3. As a beginner in web development, I want to update my deployed Express project to integrate the changes done in the local development environment.
4. As a beginner in web development, I want to update my deployed Flask project to integrate the changes done in the local development environment.
5. As a beginner in web development, I want to access my deployed Express application through a public URL and share it for my assessment evaluation.
6. As a beginner in web development, I want to access my deployed Flask application through a public URL and share it for my assessment evaluation.
7. As a beginner in web development, I want to see descriptive error messages upon failure in the deployment process of an Express application.
8. As a beginner in web development, I want to see descriptive error messages upon failure in the deployment process of a Flask application.
9. As a beginner in web development, I want to have the option to provide environment variables and their values, which are used in the local .env file in the development environment, to ensure consistency between the application under development and the deployed one.
10. As a beginner in web development, I want to opt out of providing environment variables when deemed unnecessary to have flexibility in the development process.

Functional Requirements

Derived from the above user stories, the system is designed to:

1. Restrict login to users with a CODE email address.
2. Provide a deployment trigger template accessible at any time.
3. Display error messages for invalid URLs and email inputs.
4. Manage new and update deployment actions.
5. When the user adds environment variables, use them when running the container of the user application.
6. Terminate the deployment when the user provides a GitHub repository that doesn’t include Flask or Express dependencies.
7. Terminate the deployment process when the user chooses the update action on a repository that wasn’t deployed before.
8. Terminate the deployment process when the user chooses the create action on a repository that was deployed before.
9. Always be accessible.
10. The students’ deployments need to be easily removable when the students no longer need to access them.
11. Handle variable traffic levels at the different phases of the semester.
12. Create a cluster for hosting student's applications.

Test Plan

The test plan is tailored to verify that all functionalities meet their intended specifications and perform under expected real-world conditions.

Deployment Destination:

• Code-idp Repository Changes: Tests run on the existing production cluster to conserve resources, as these changes do not affect deployment logic.
• Idp-hosted-projects Repository Changes: A dedicated testing cluster is spun up for isolated testing of deployment logic changes.

Test Cases

E2E Tests

Each test should be written twice, based on the deployment destination requirement.
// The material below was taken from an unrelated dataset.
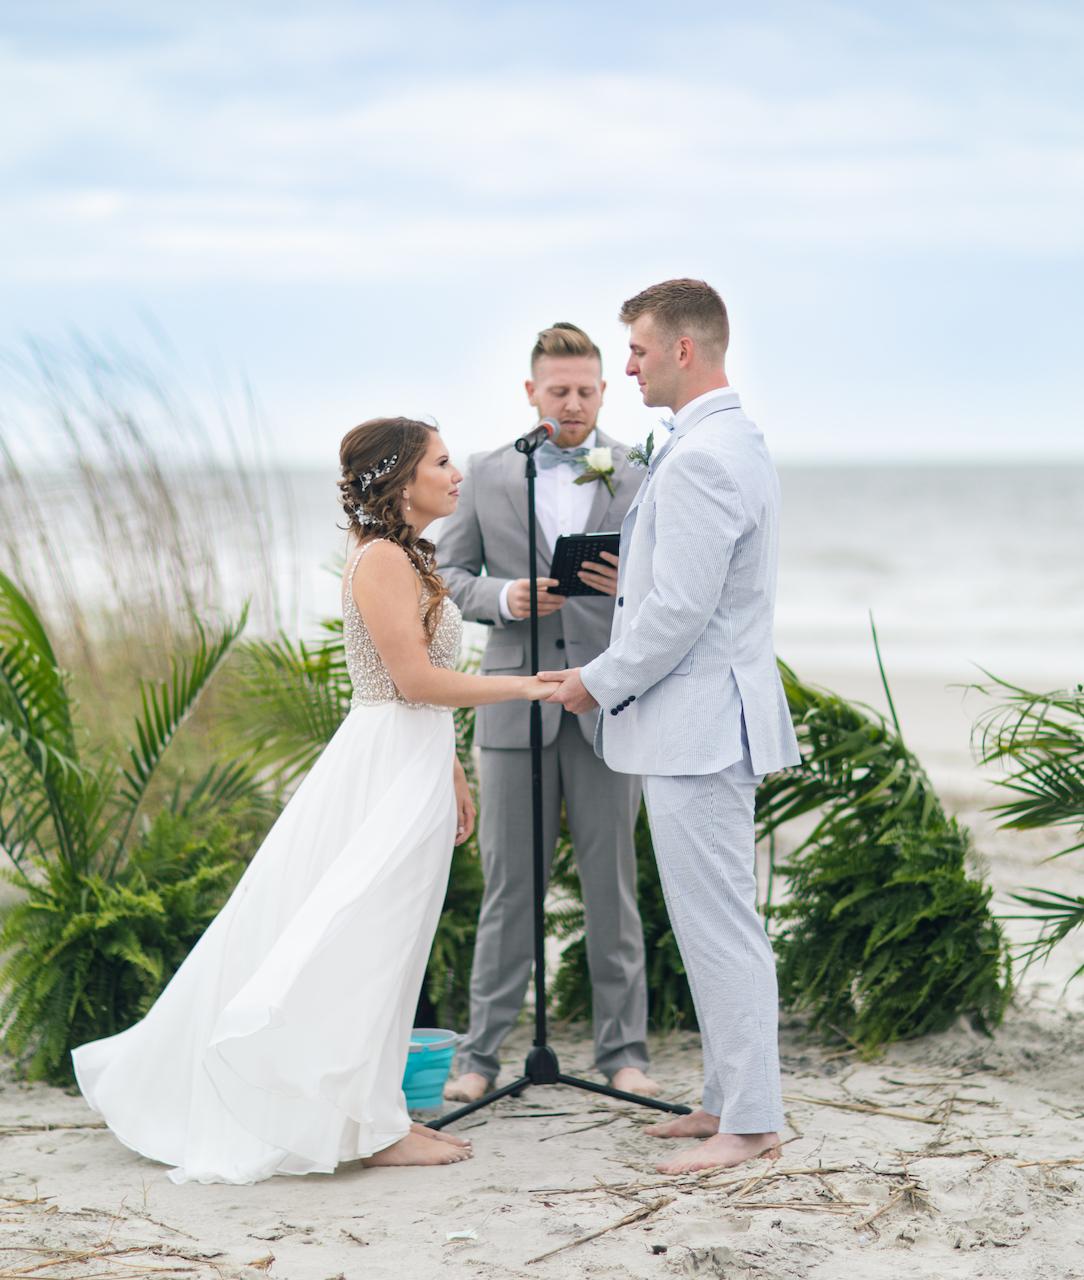 hilton-head-island-wedding-sc-ceremony107.jpg

1. First-time Deployment of an Express Application

• User logs in, uses the initiate-deployment template, provides a valid GitHub repository URL and email, and selects 'create action'.
• Expected Outcome: User receives an email with the deployment details for the Express application.

2. First-time Deployment of a Flask Application

• User logs in, uses the initiate-deployment template, provides a valid GitHub repository URL and email, and selects 'create action'.
• Expected Outcome: User receives an email with the deployment details for the Flask application.

3. Updating an Existing Express Application

• User logs in, uses the initiate-deployment template with a previously deployed Express application's GitHub URL and a valid email, and selects 'update action'.
• Expected Outcome: User receives an email with the updated deployment details for the Express application.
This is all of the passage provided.